The Council of State moved the Oct. 22 election day to Nov. 26. Cuba Municipal Election Results Dates Voting Live 2017

  • Cuba's Communist Party, the only legal political party on the island, announced they were delaying the municipal elections. 
  • Cuba is postponing municipal elections by a month to Nov. 26 because of the devastation wrought on the Caribbean island by Hurricane Irma, its Council of State said in an electoral notice published in the ruling Granma Party newspaper on Tuesday.
  • The elections were coming at an already difficult time for Cuba as an economic reform program appears stalled, aid from key ally Venezuela shrinks, and the Trump administration threatens.
  • Then Irma swept across the island from east to west, tearing off roofs, damaging the power grid and crops, ripping up trees and bringing a violent storm surge to many coastal towns.
  • The Council of State said it was delaying the municipal vote, originally slated for Oct. 22, so Cubans could focus their efforts on the recovery.

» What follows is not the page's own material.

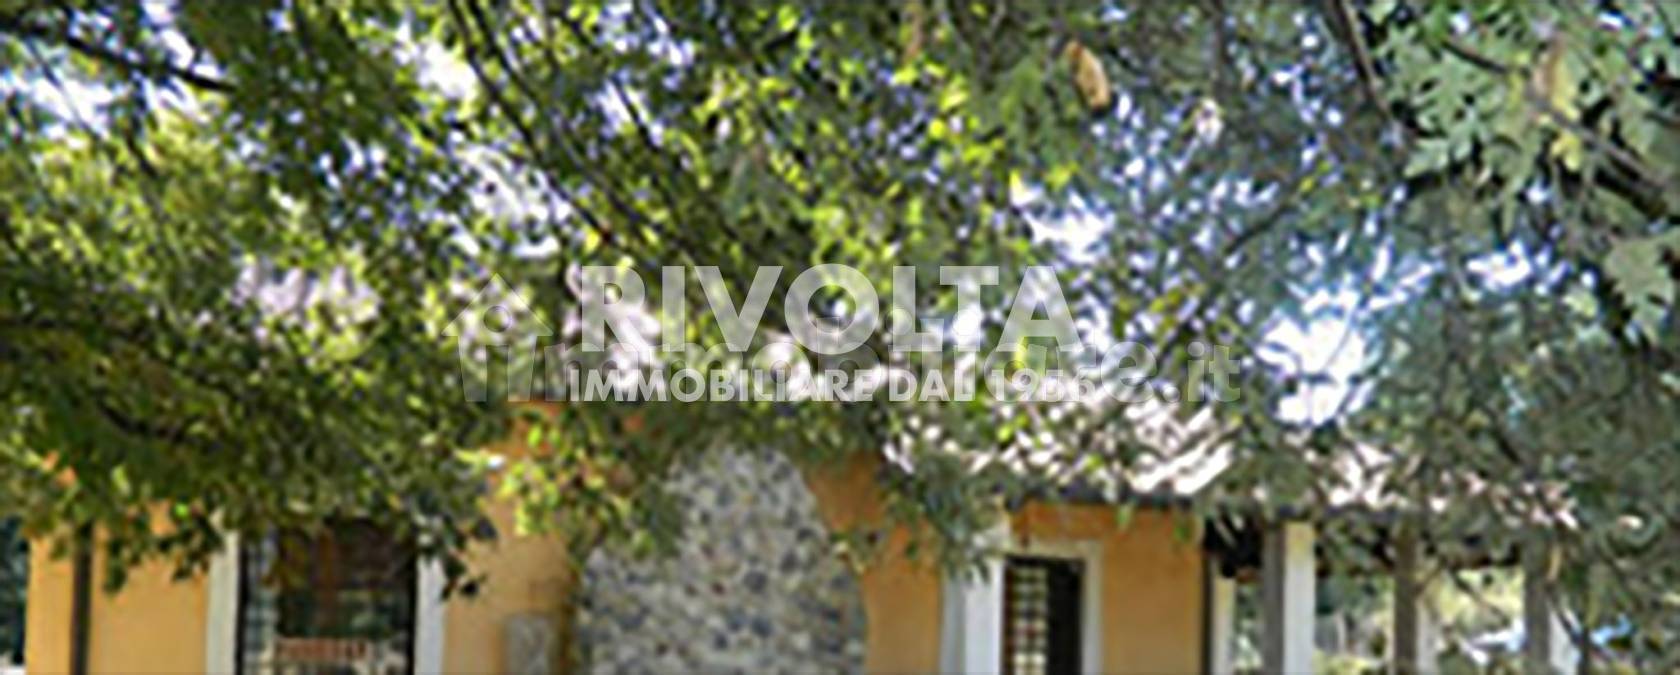 Villa in vendita a Campagnano di Roma, 5 locali, prezzo € 190.125 | PortaleAgenzieImmobiliari.it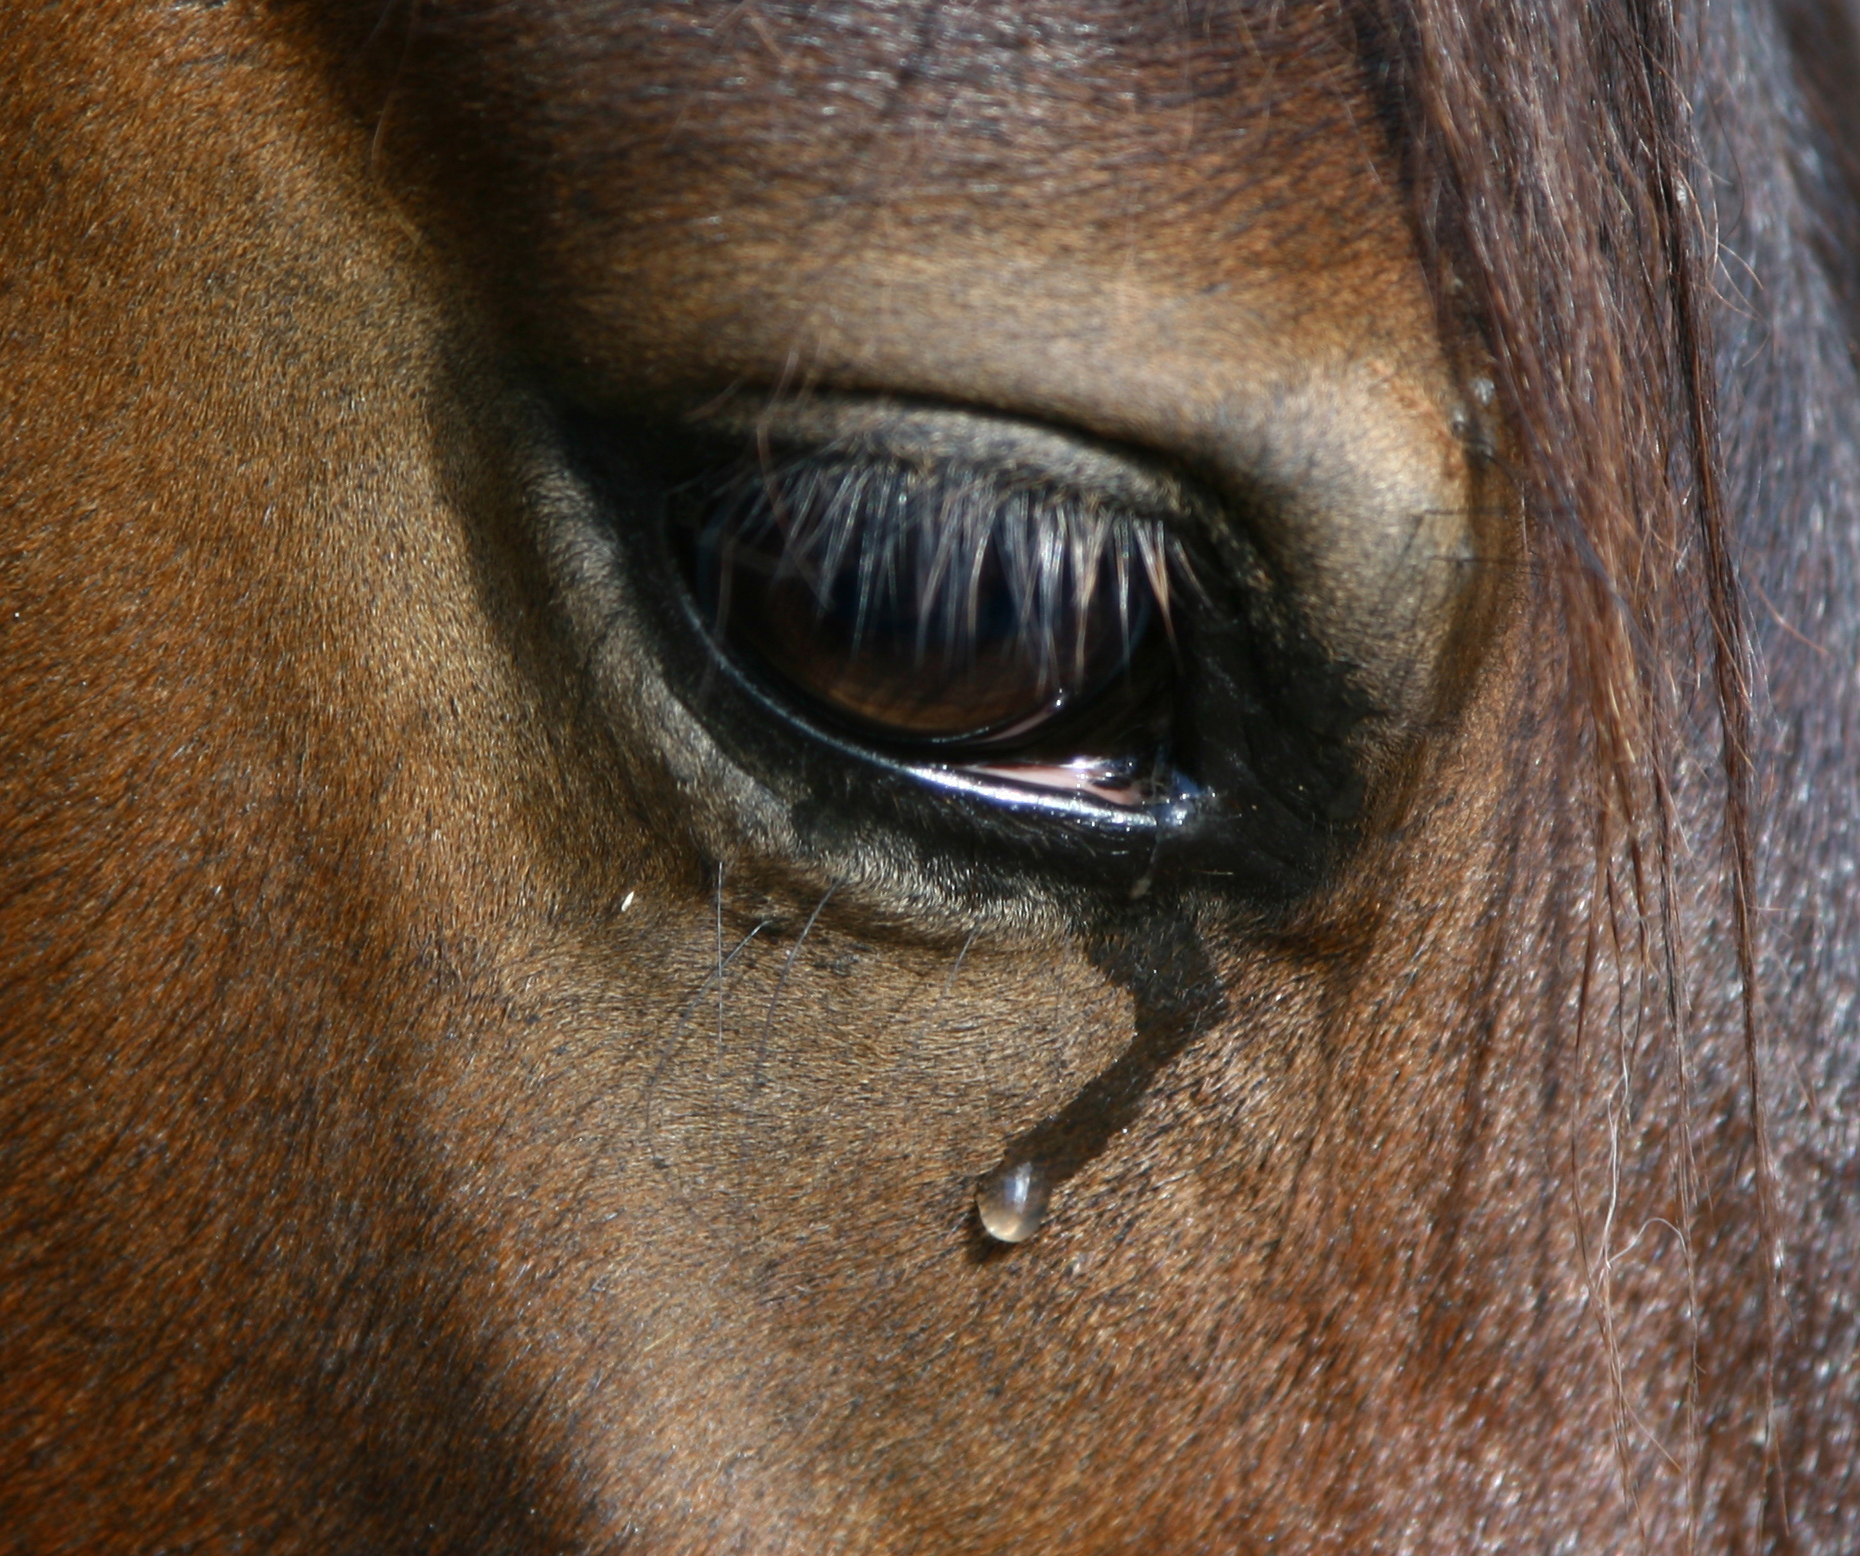 Allianz - Pferdekrankheiten: Tränendes Auge eines Pferdes.

It was not clear if this would result in the delay of provincial and national elections, which are set to culminate in the transfer of power next year from Raul Castro to a new president.

Castro, younger brother, and successor to Fidel Castro, who died in November, will nonetheless retain a grip on power as head of the Communist Party, the only legal party in Cuba.

 

Municipal elections in Cuba 

The election of municipal assembly delegates involves nomination by voters in nomination assemblies, compilation of posting of candidate biographies, voting by secret ballot, and recall.Municipal assemblies are elected every two and a half years. Municipal elections are officially non-partisan.

Nomination assemblies are held about a month before the election in areas within the electoral districts. During regular elections, from 70% to over 90% of the electorate attend the nomination assemblies.Municipal candidates must be at least 16 years old.

In elections held on 21 October 2007, turnout was reported to be 8.1 million voters, approximately 95% of the population eligible to vote, which was less than the last such election on April 17, 2005, where voter turnout was 97%.Elections were then held in 2010 and 2013.